··· Data segment
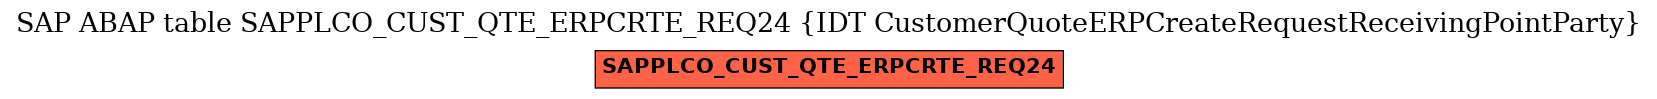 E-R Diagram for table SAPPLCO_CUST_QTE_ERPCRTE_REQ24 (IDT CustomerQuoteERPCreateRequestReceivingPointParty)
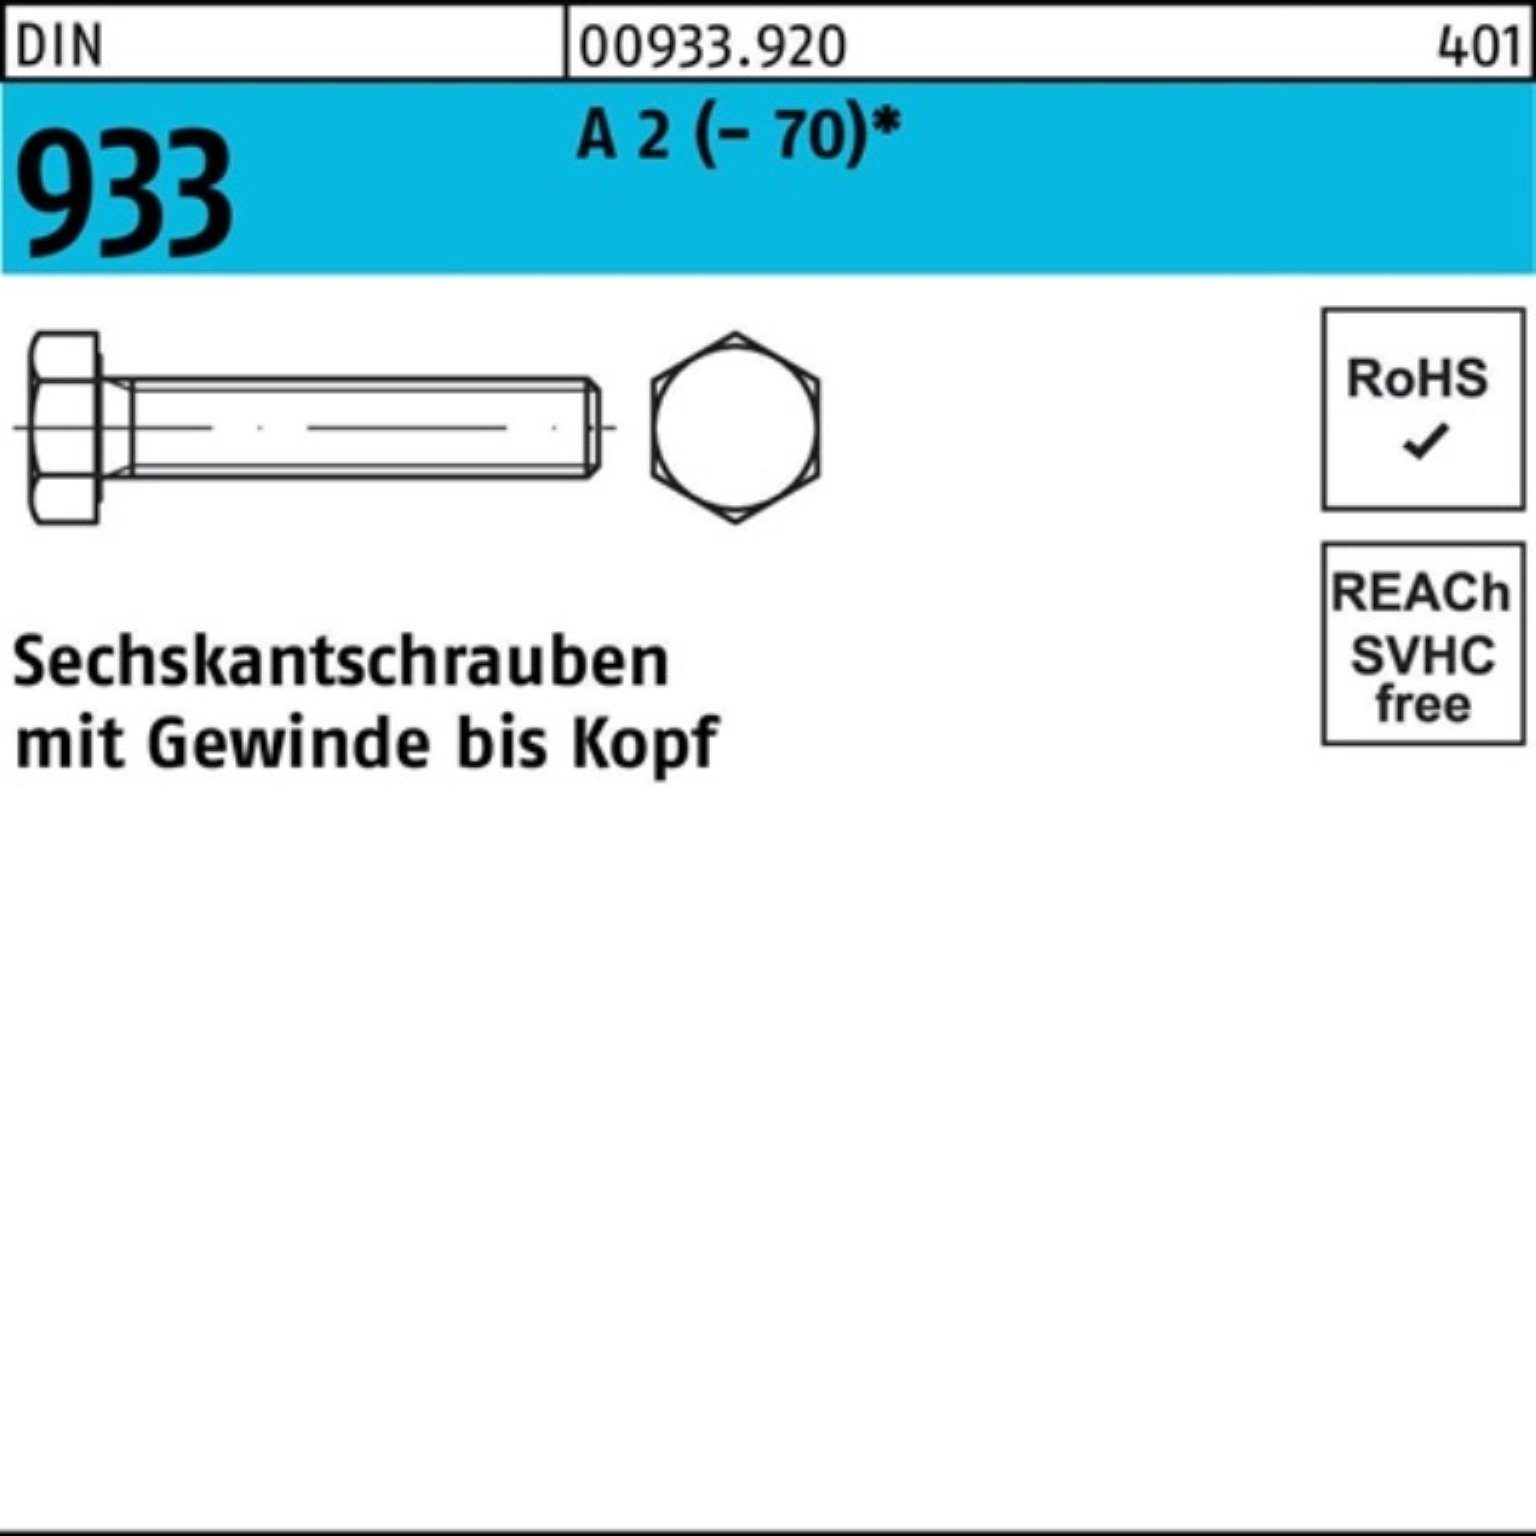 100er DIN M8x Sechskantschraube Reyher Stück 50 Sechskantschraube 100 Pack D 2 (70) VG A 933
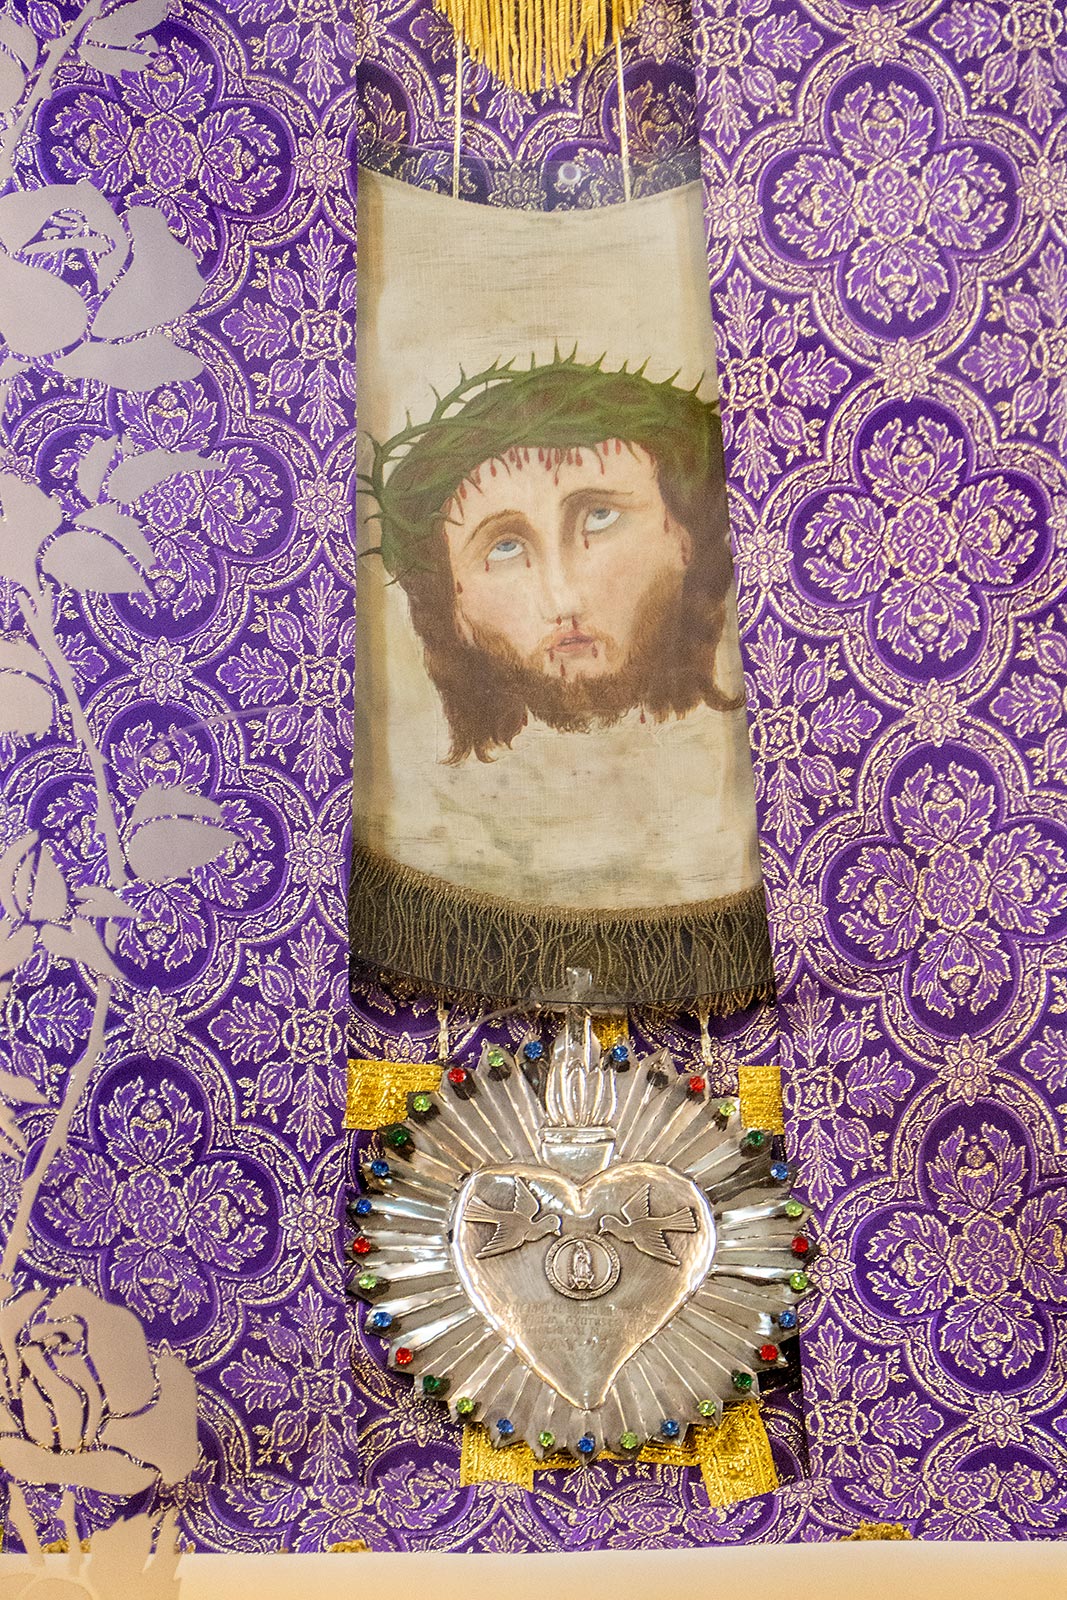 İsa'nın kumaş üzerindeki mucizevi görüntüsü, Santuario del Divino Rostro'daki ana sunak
······
- **To do**: Output the data exactly as it is, with the pictures dropped.

- **Answer below**:
 E-R Diagram for table SAPPLCO_CUST_QTE_ERPCRTE_REQ24 (IDT CustomerQuoteERPCreateRequestReceivingPointParty)
 100er DIN M8x Sechskantschraube Reyher Stück 50 Sechskantschraube 100 Pack D 2 (70) VG A 933
 İsa'nın kumaş üzerindeki mucizevi görüntüsü, Santuario del Divino Rostro'daki ana sunak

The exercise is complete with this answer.